# EXERCISE
Look below for the line that contains "Großer chinesischer Hartholztisch" and the line that contains "Chinesischer Tisch aus", then restate both of them and every line in between, exactly. No picture goes in the copy.

# RECORD EXTRACTS
%%
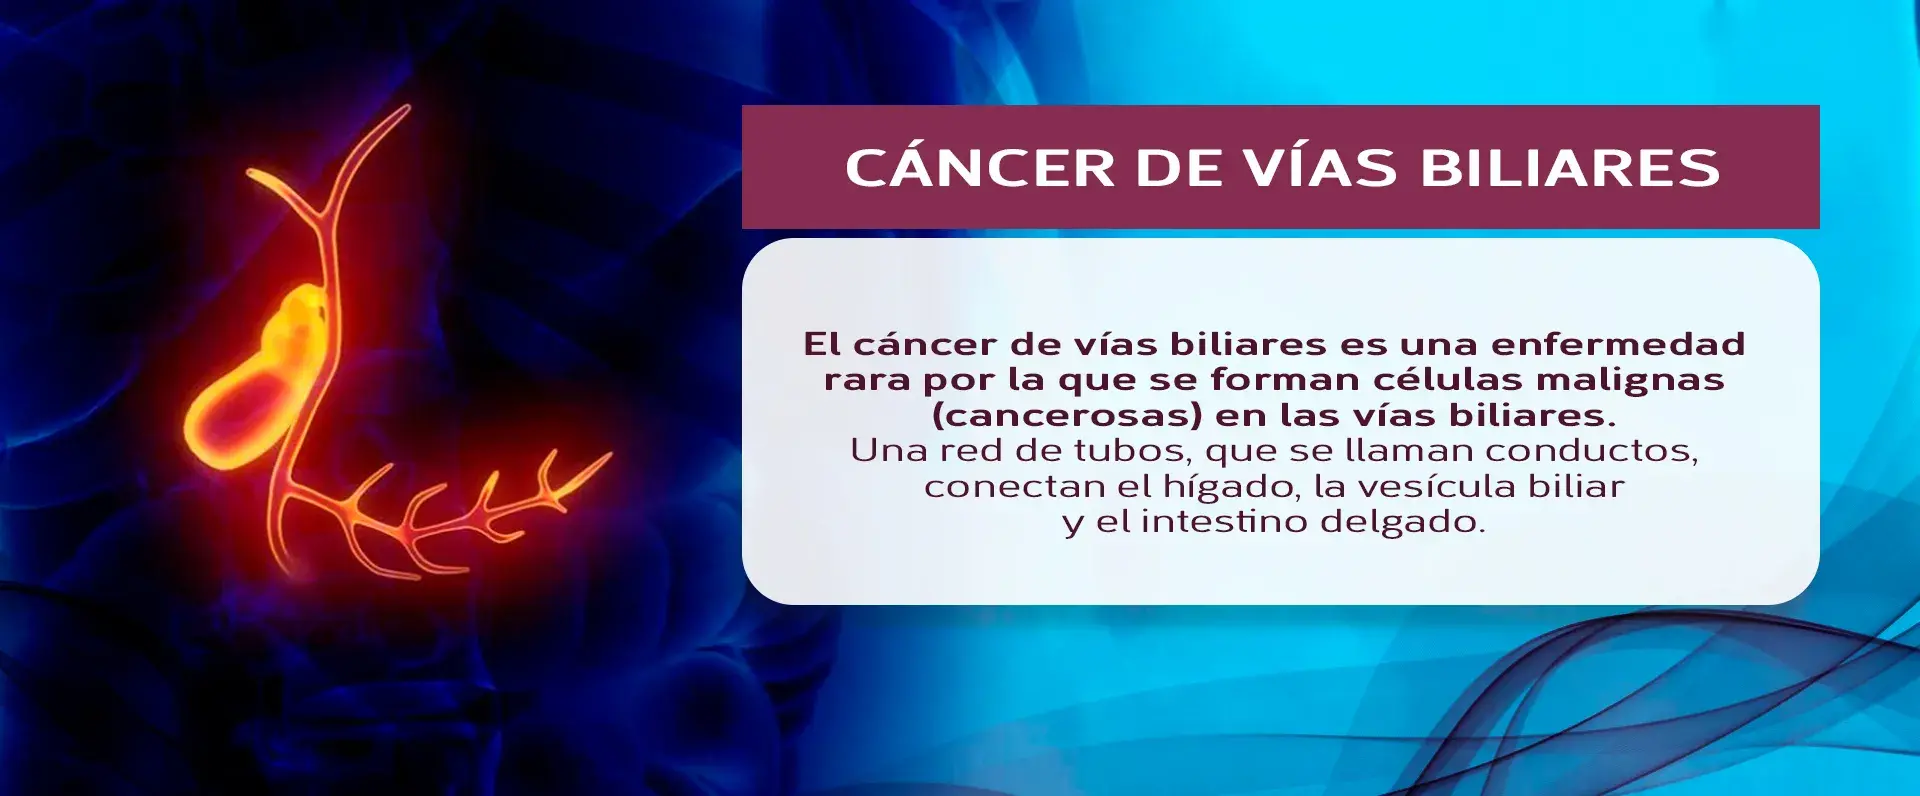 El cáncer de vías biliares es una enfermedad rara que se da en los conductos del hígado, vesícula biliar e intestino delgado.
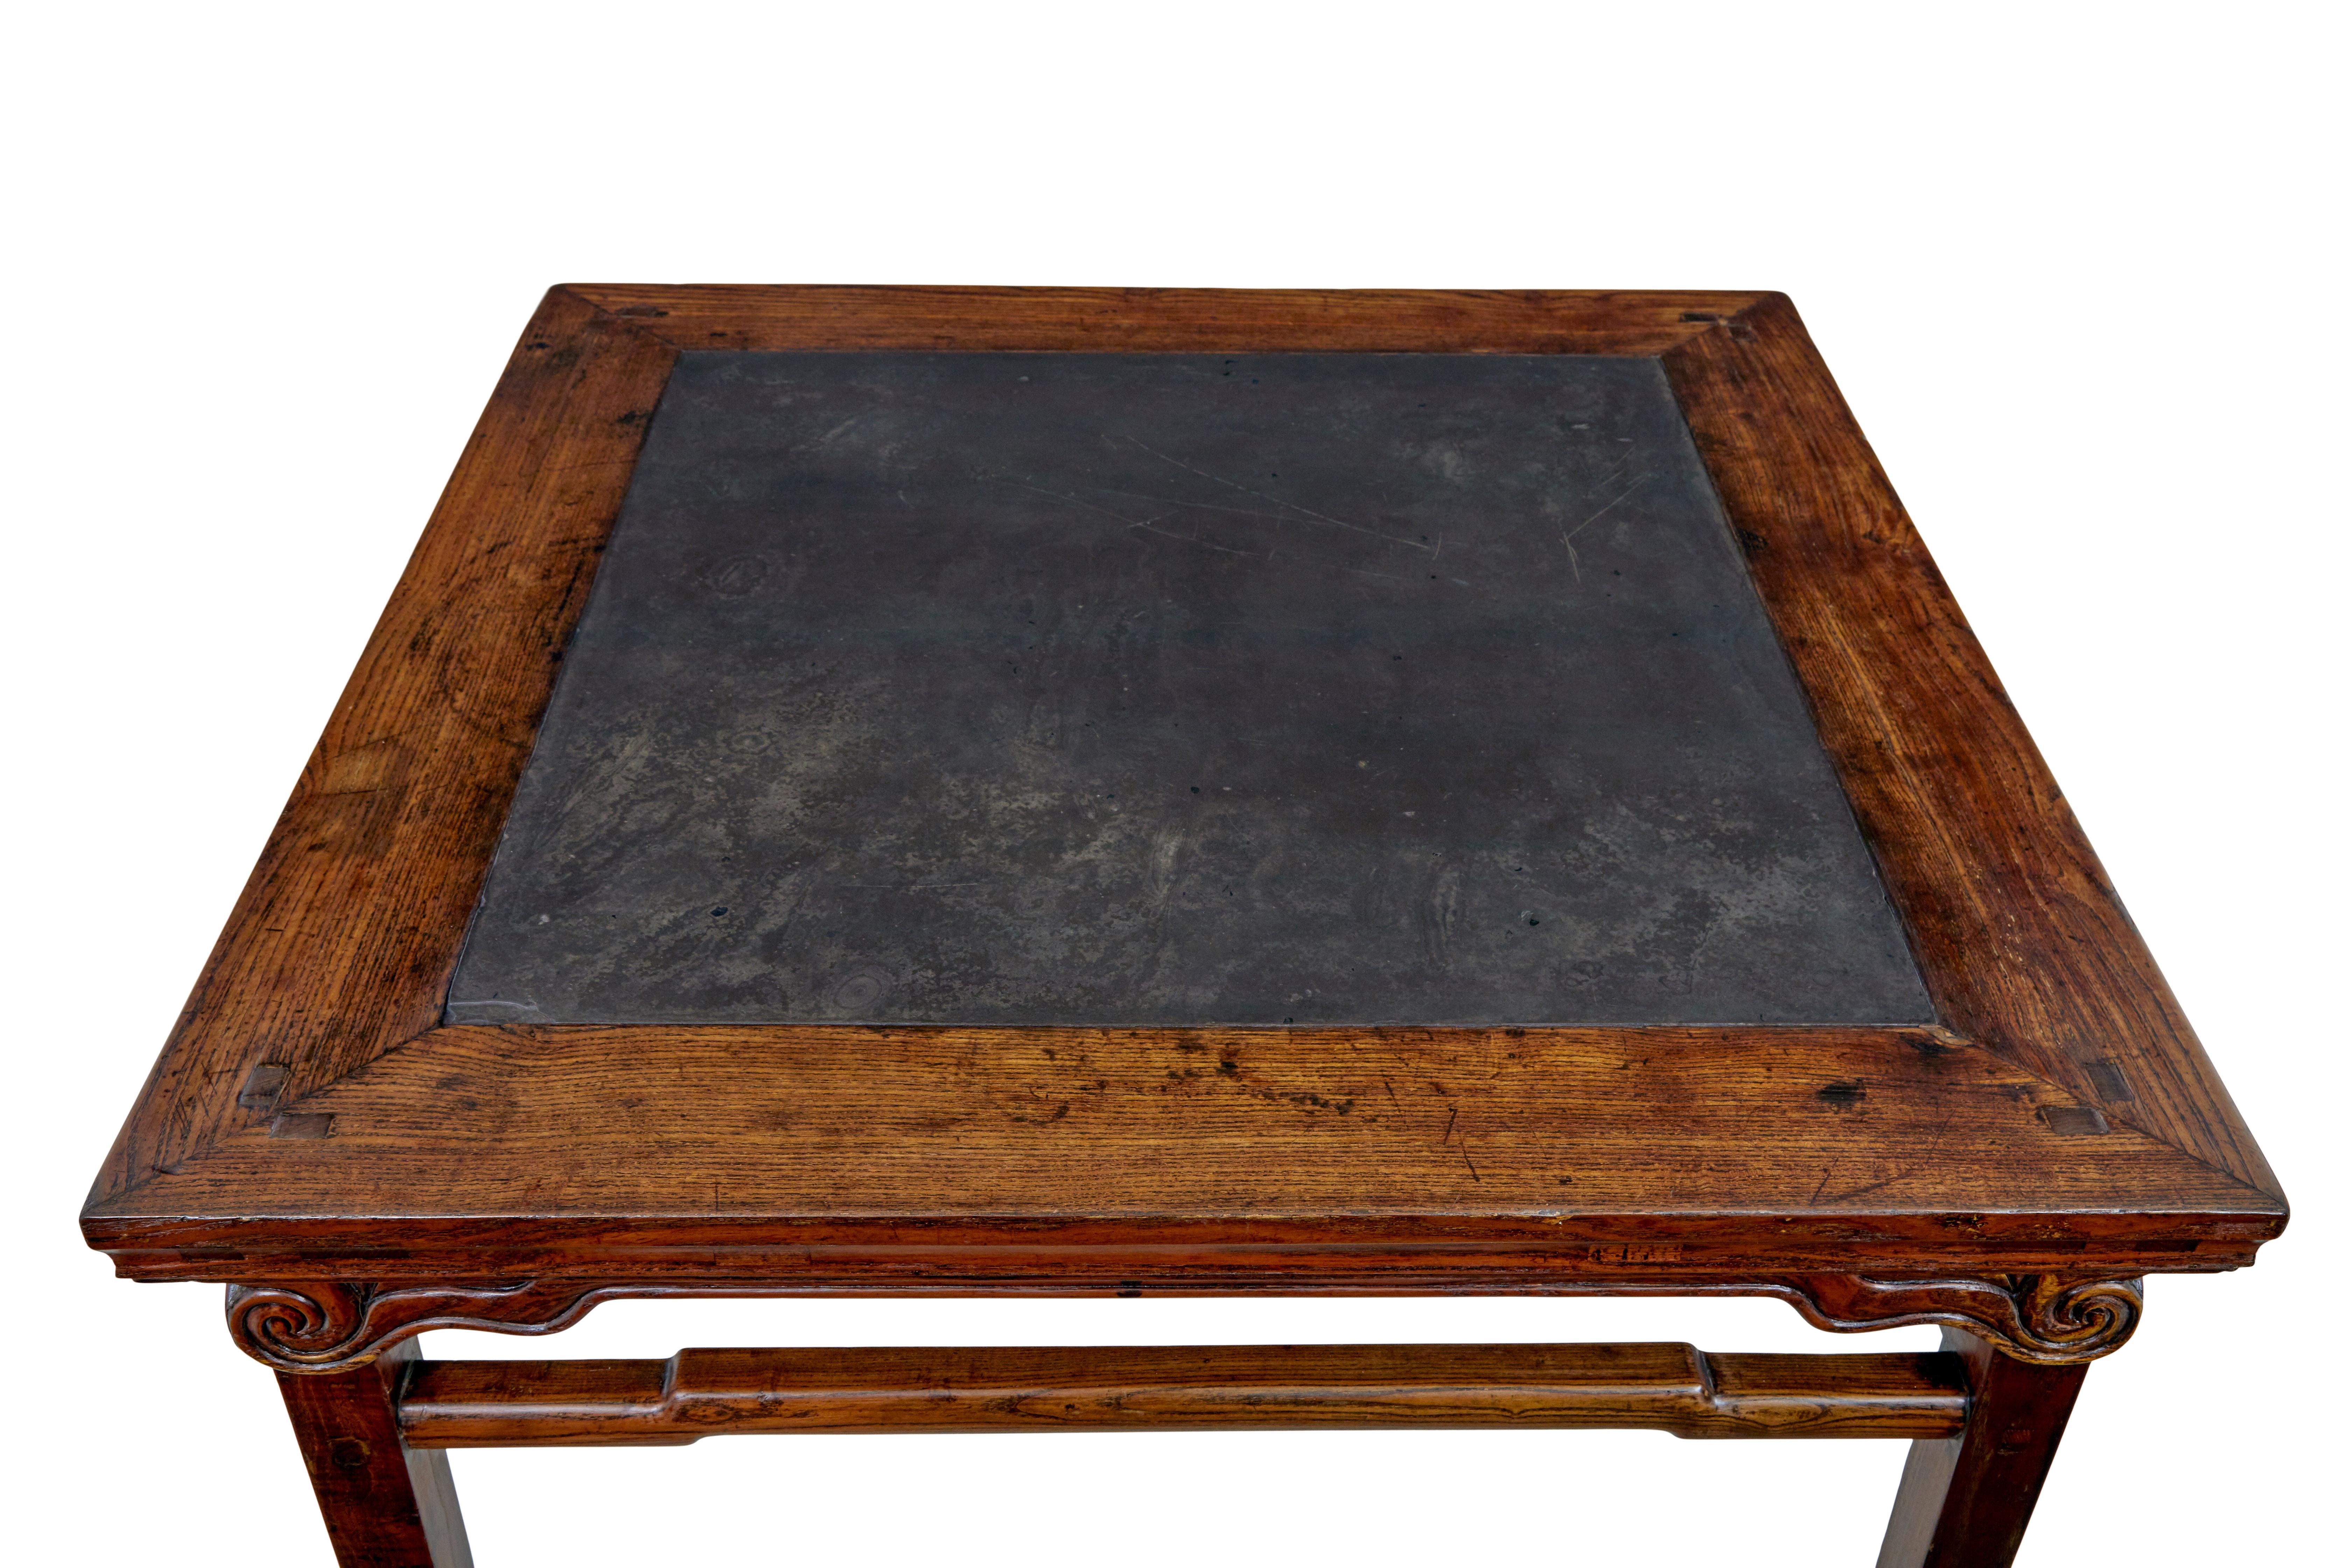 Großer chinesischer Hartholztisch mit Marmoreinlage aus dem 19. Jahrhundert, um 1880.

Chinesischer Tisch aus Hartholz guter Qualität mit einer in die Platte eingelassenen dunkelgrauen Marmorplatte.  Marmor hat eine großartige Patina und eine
%%
%%
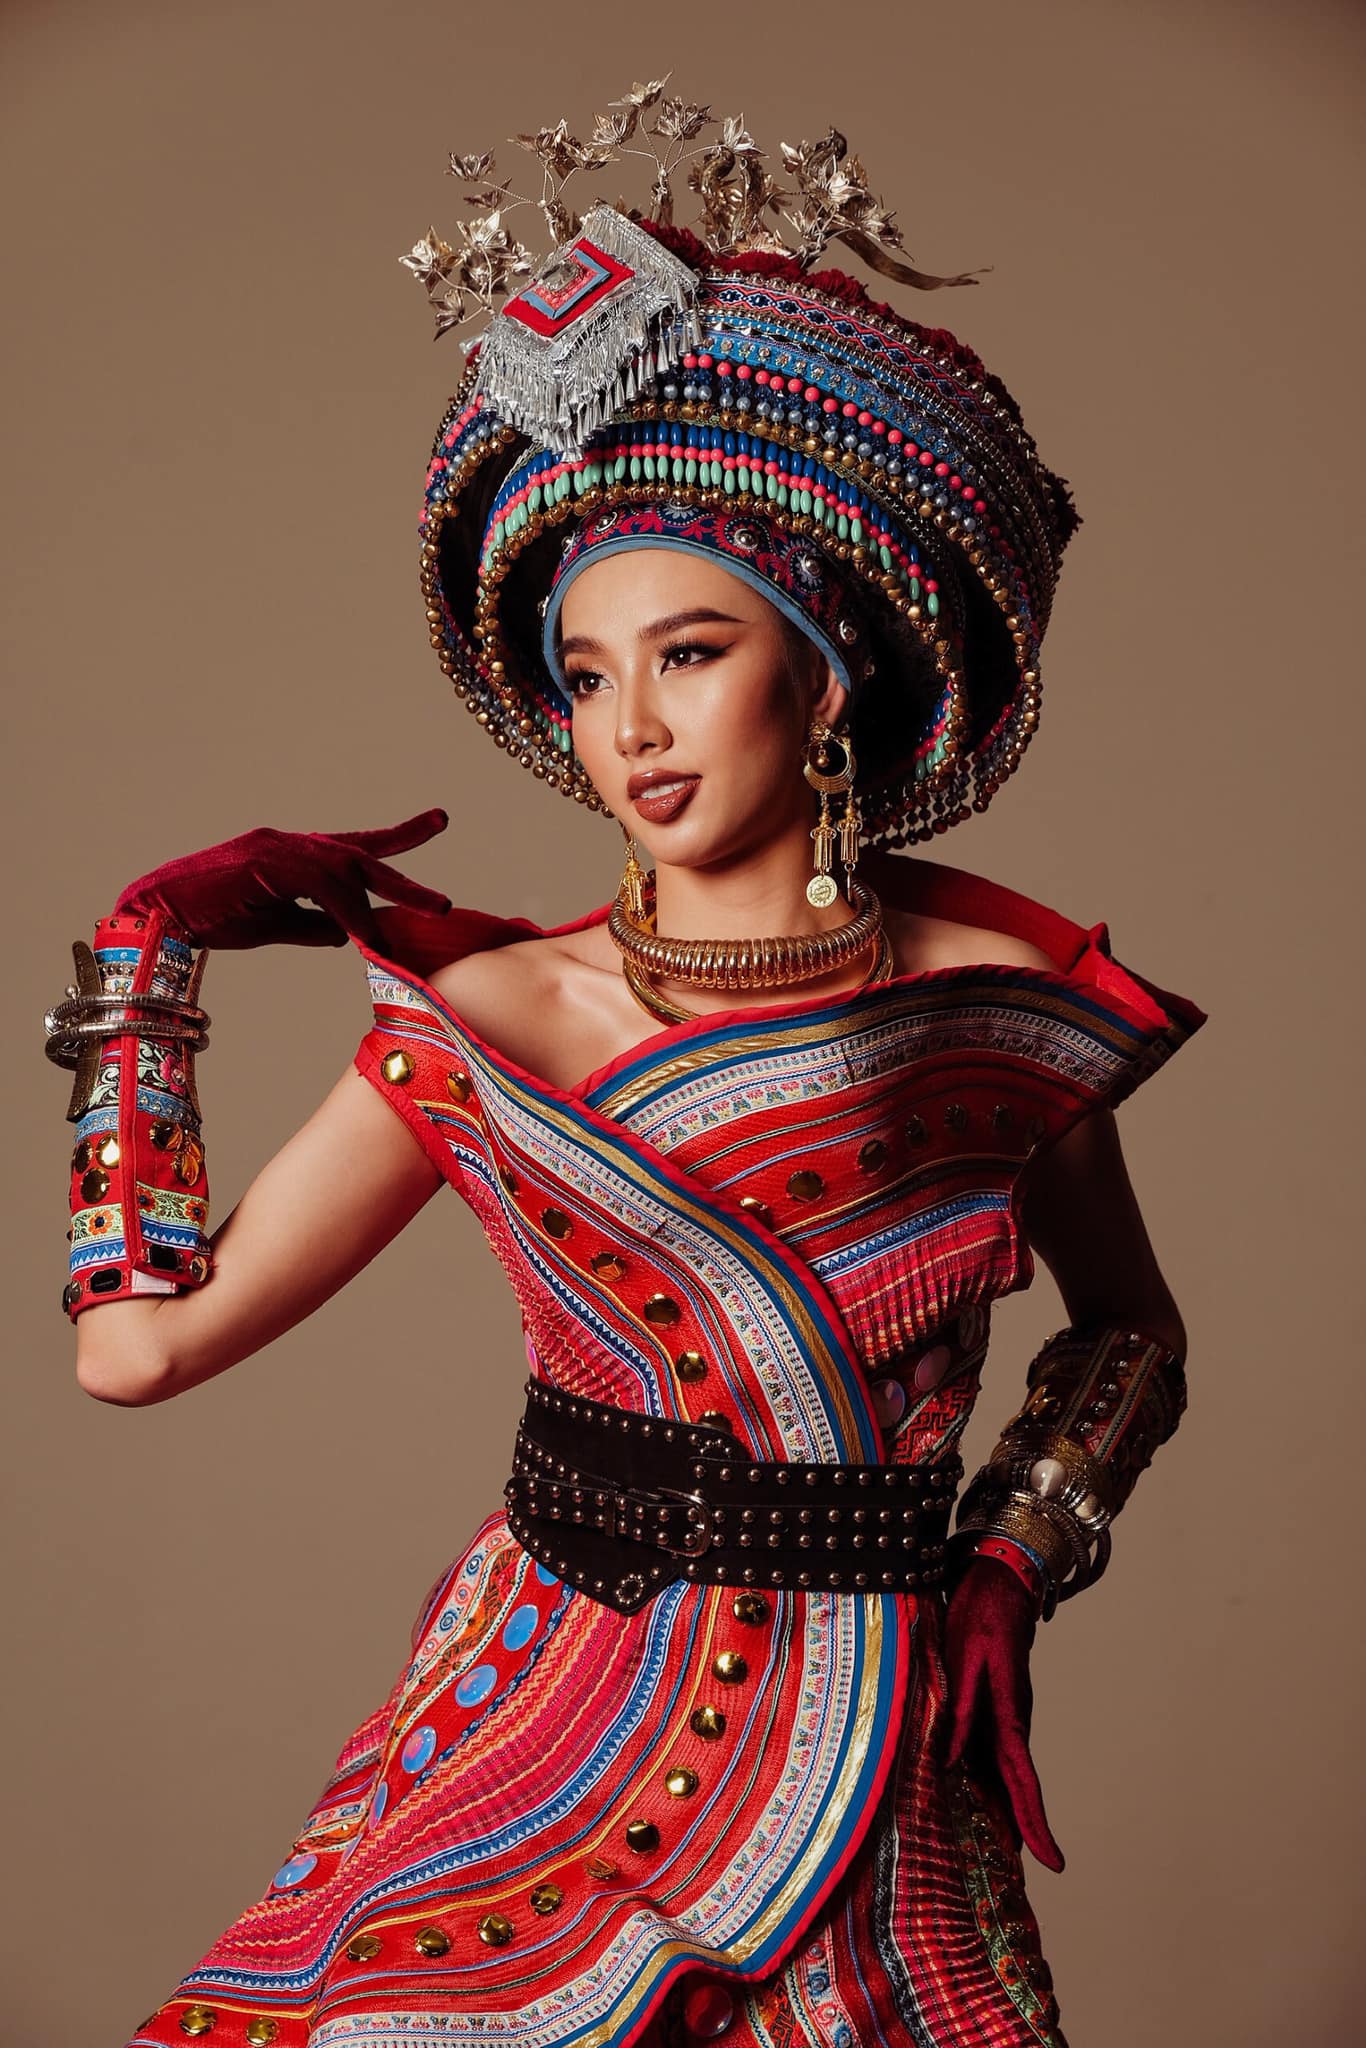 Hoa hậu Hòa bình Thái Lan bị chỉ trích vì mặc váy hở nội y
%%
# SOLUTION FOR THIS PROBLEM
 Großer chinesischer Hartholztisch mit Marmoreinlage aus dem 19. Jahrhundert, um 1880.

Chinesischer Tisch aus Hartholz guter Qualität mit einer in die Platte eingelassenen dunkelgrauen Marmorplatte.  Marmor hat eine großartige Patina und eine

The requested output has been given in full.